### What to do
Drop every image, then reproduce the data exactly as given.

--- Recorded information Enclosed Below ---

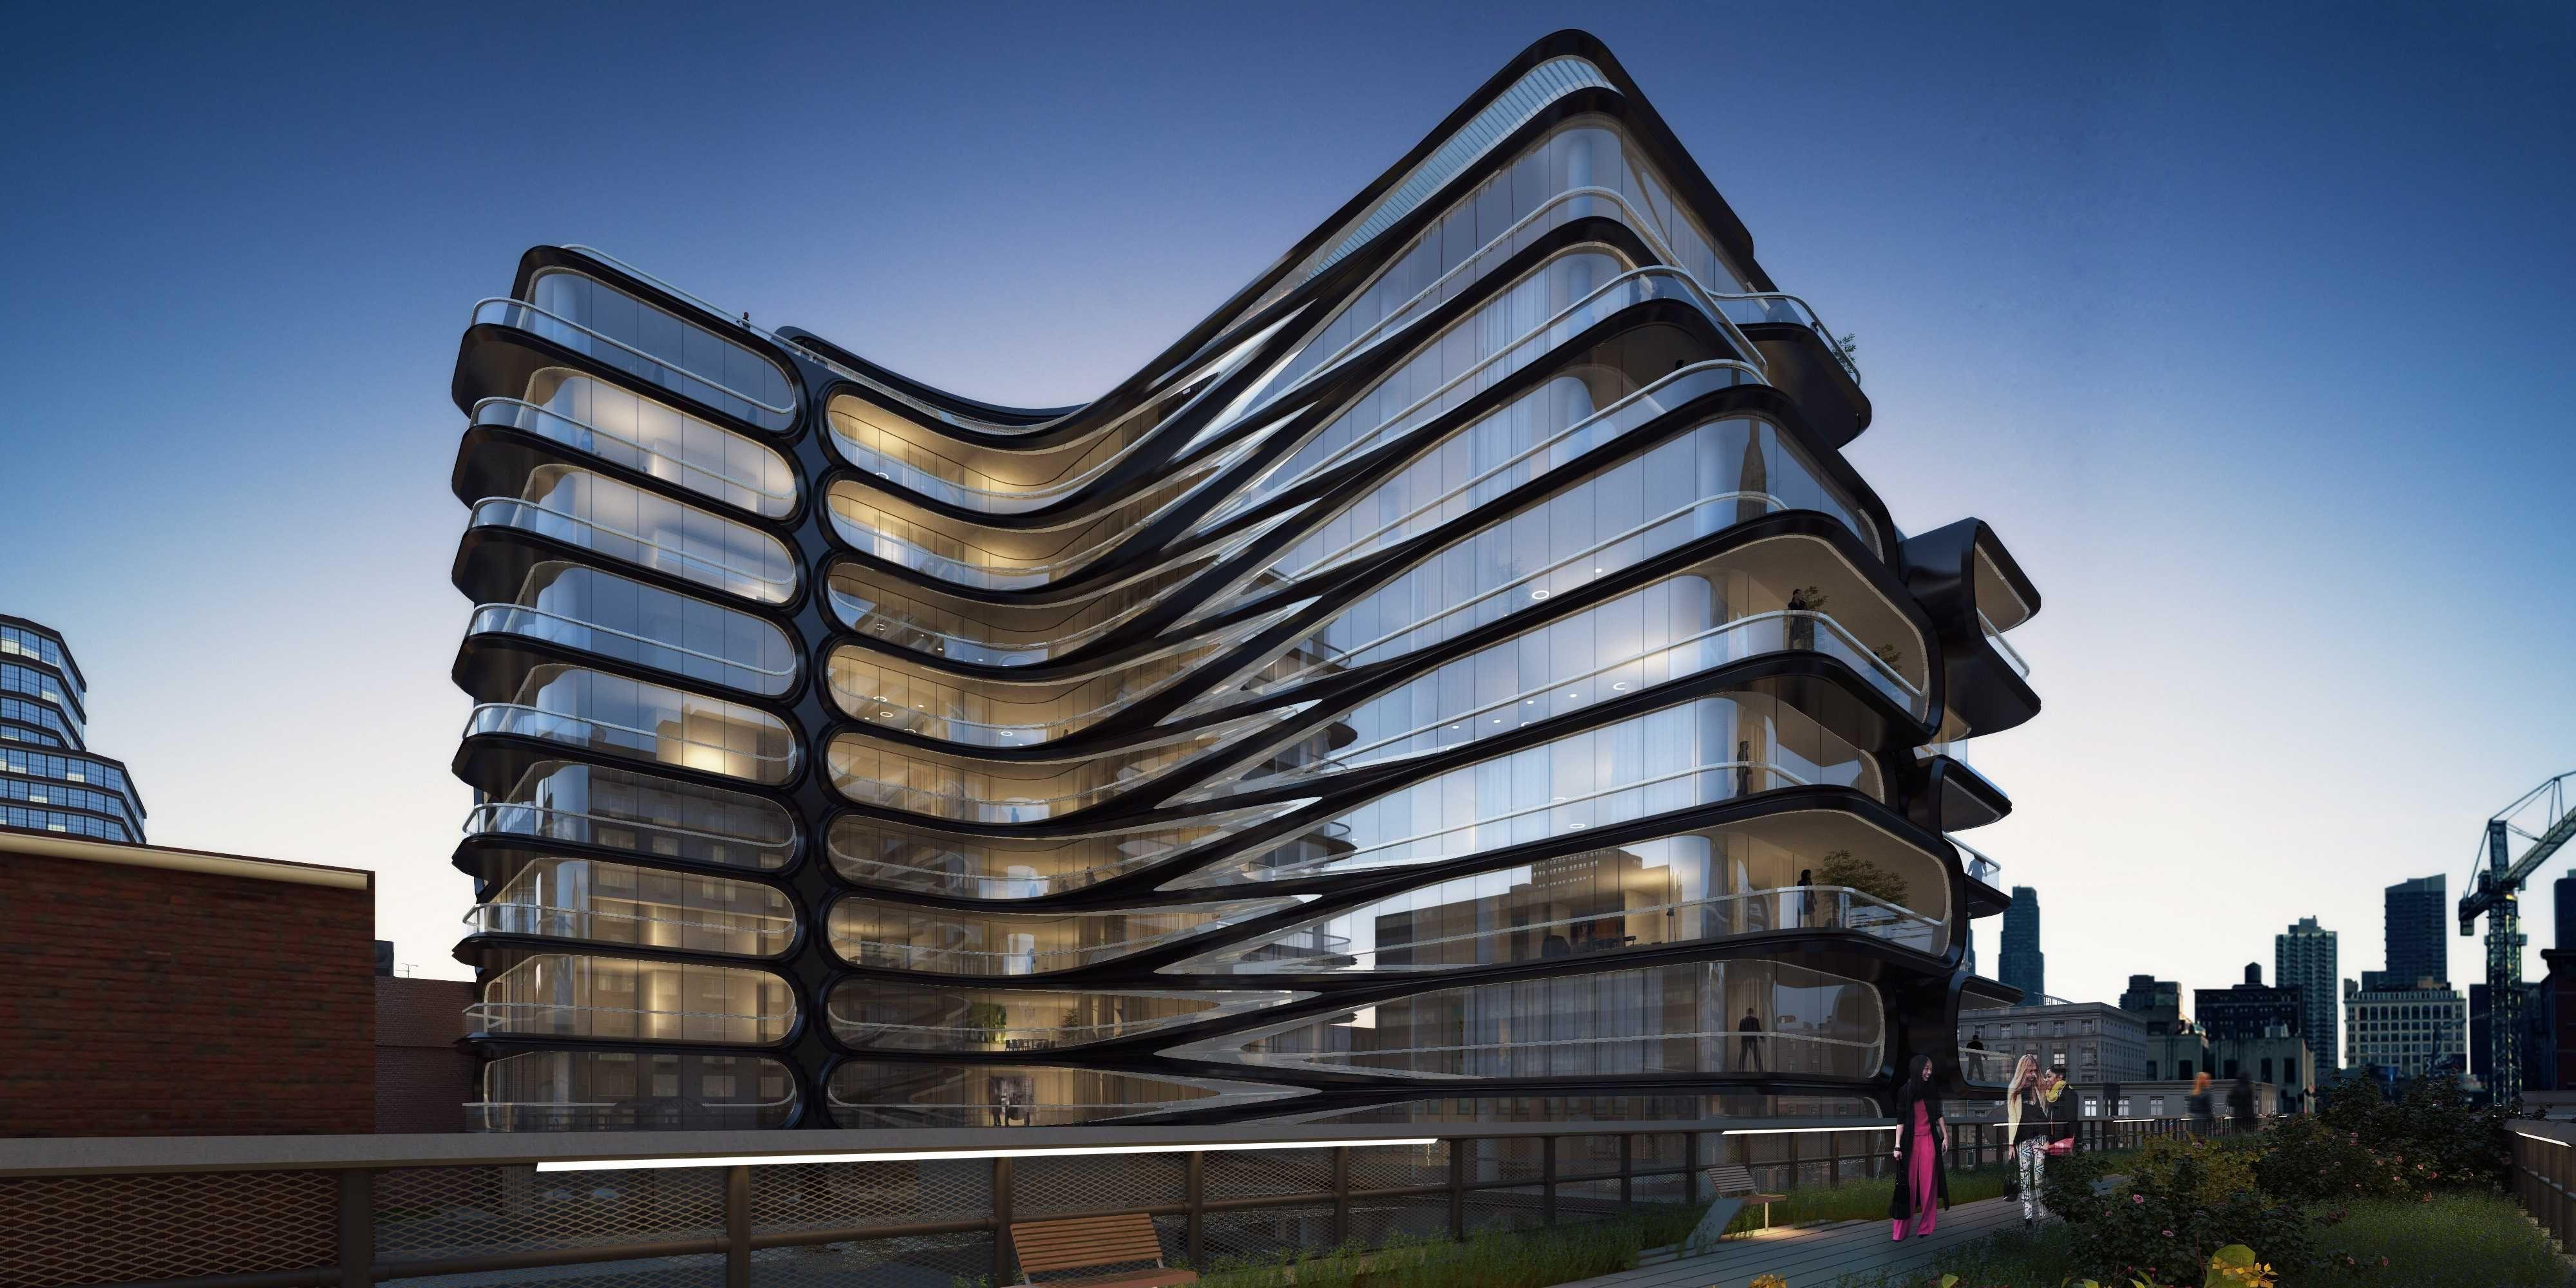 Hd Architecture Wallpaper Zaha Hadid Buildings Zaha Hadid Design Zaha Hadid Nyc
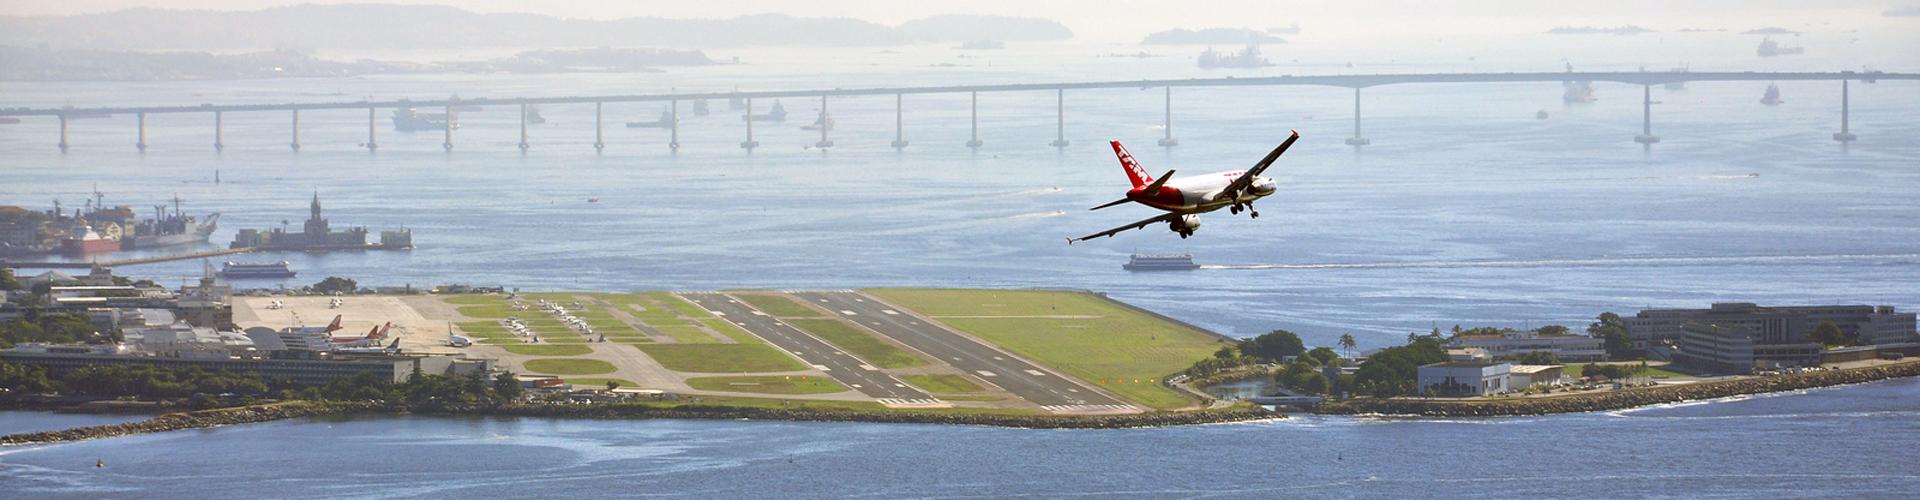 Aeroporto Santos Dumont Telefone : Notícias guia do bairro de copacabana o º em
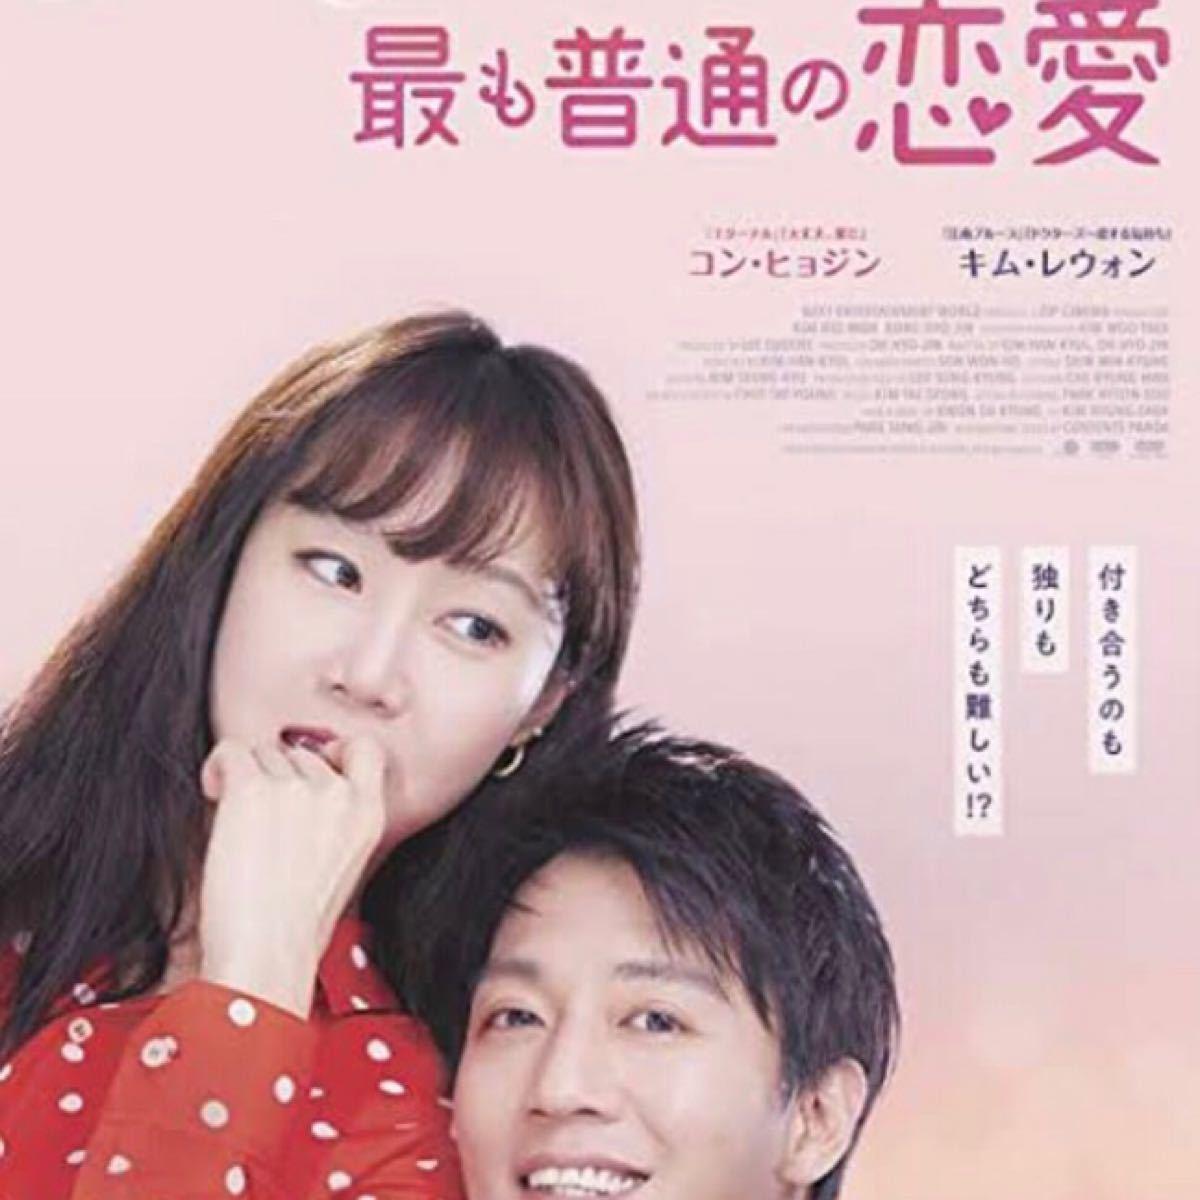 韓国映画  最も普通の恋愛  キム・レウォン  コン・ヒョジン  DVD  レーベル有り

--- End of Enclosed Recorded information ---

### Your solution
 Hd Architecture Wallpaper Zaha Hadid Buildings Zaha Hadid Design Zaha Hadid Nyc
 Aeroporto Santos Dumont Telefone : Notícias guia do bairro de copacabana o º em
 韓国映画  最も普通の恋愛  キム・レウォン  コン・ヒョジン  DVD  レーベル有り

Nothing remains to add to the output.